To find the number that makes 392 a perfect cube, we need to find the prime factors of 392

The prime factors of 392 are 2, 2, 2, 7, 7

392 = 2 × 2 × 2 × 7 × 7

The 392 will becomes a perfect cube if 7 × 7 is divided from the product of prime factors.

The required number is 7 × 7

**5. Find the cube of each of the following?**

(i) 8 (ii) (2/5) (iii) 0.2 (iv) 2 3/4 (v) -5

**Solutions:**

(i) 8

cube of 8 = 8³

The cube of 8 = 8³ = 8 × 8 × 8

cube of 8 = 8³ = 512

The cube of 8 is 512

(i)(2/5)

cube of (2/5) = (2/5)³

The cube of (2/5) = (2/5)³ = (2/5) × (2/5) × (2/5)

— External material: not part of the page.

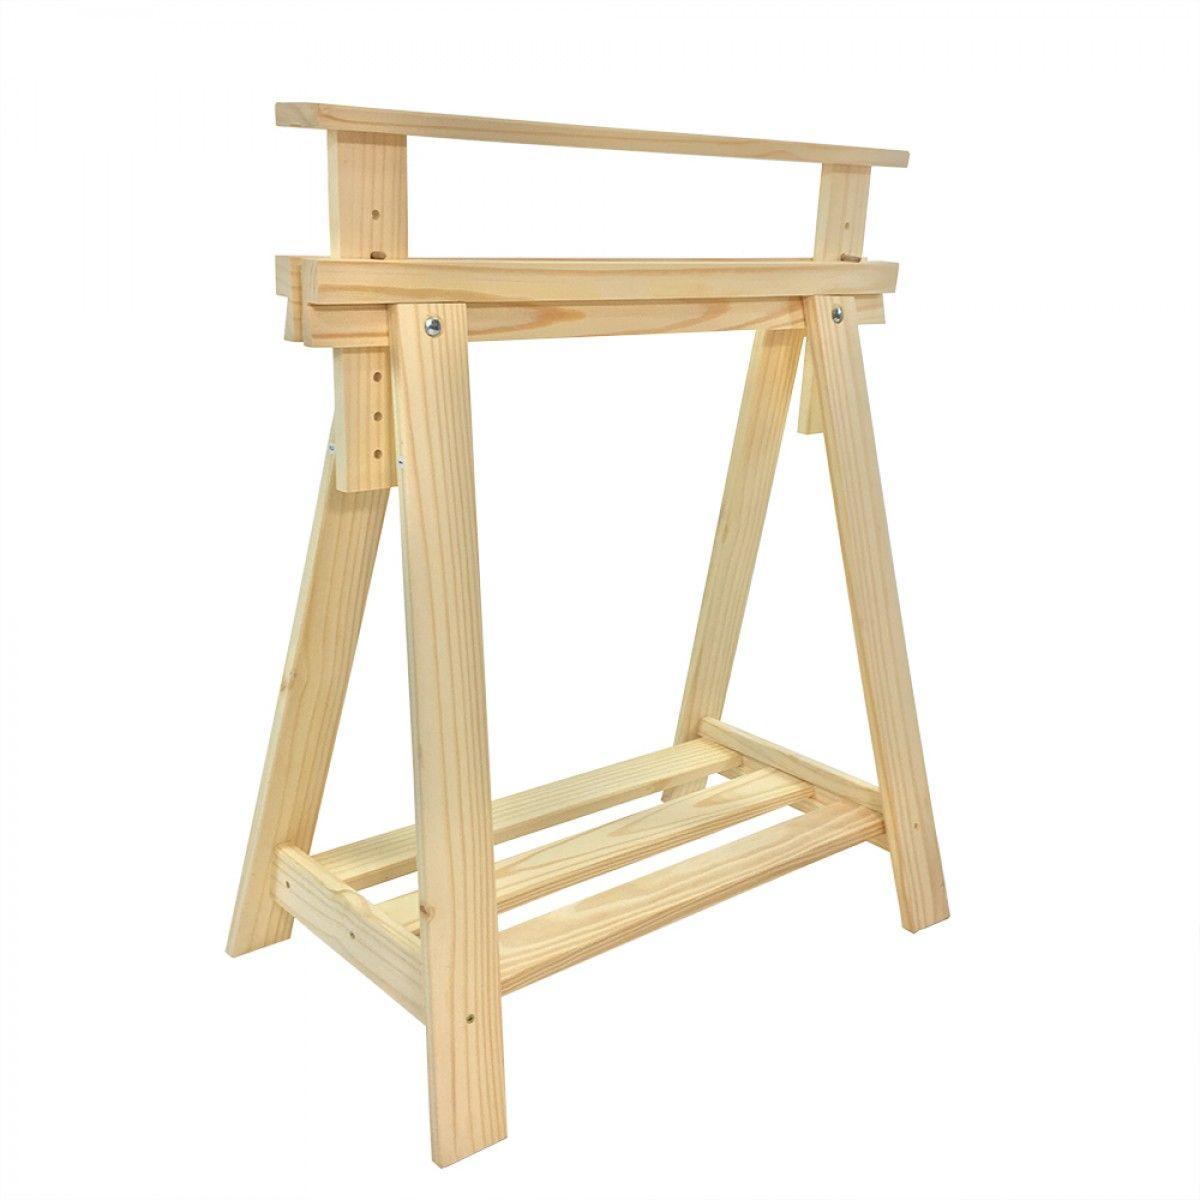 Cavalete Com Regulagem De Altura Uau O Cavalete Studio  # Muebles Cumelen

cube of (2/5) = (2/5)³ = 2³/5³ = (2 × 2 × 2)/(5 × 5 × 5) = 8/125

The cube of (2/5) is 8/125

(iii) 0.2

cube of 0.2 = 0.2³

The cube of 0.2 = 0.2³ = (0.2) × 0.2 × 0.2

cube of 0.2 = (0.2)³ = 0.008

The cube of (0.2) is 0.008

(iv) 2 3/4

2 3/4 = 11/4

cube of 11/4 = (11/4)³

The cube of (11/4) = (11/4)³ = (11/4) × (11/4) × (11/4)

cube of (11/4) = (11/4)³ = (11 × 11 × 11)/(4 × 4 × 4) = 1331/64

The cube of (2 3/4) is 1331/64

(i) -5

cube of -5 = -5³

The cube of -5 = -5³ = -5 × -5 × -5

cube of -5 = -5³ = -125

The cube of (-5) is -125

The cube of a number is clearly explained along with examples and explanations.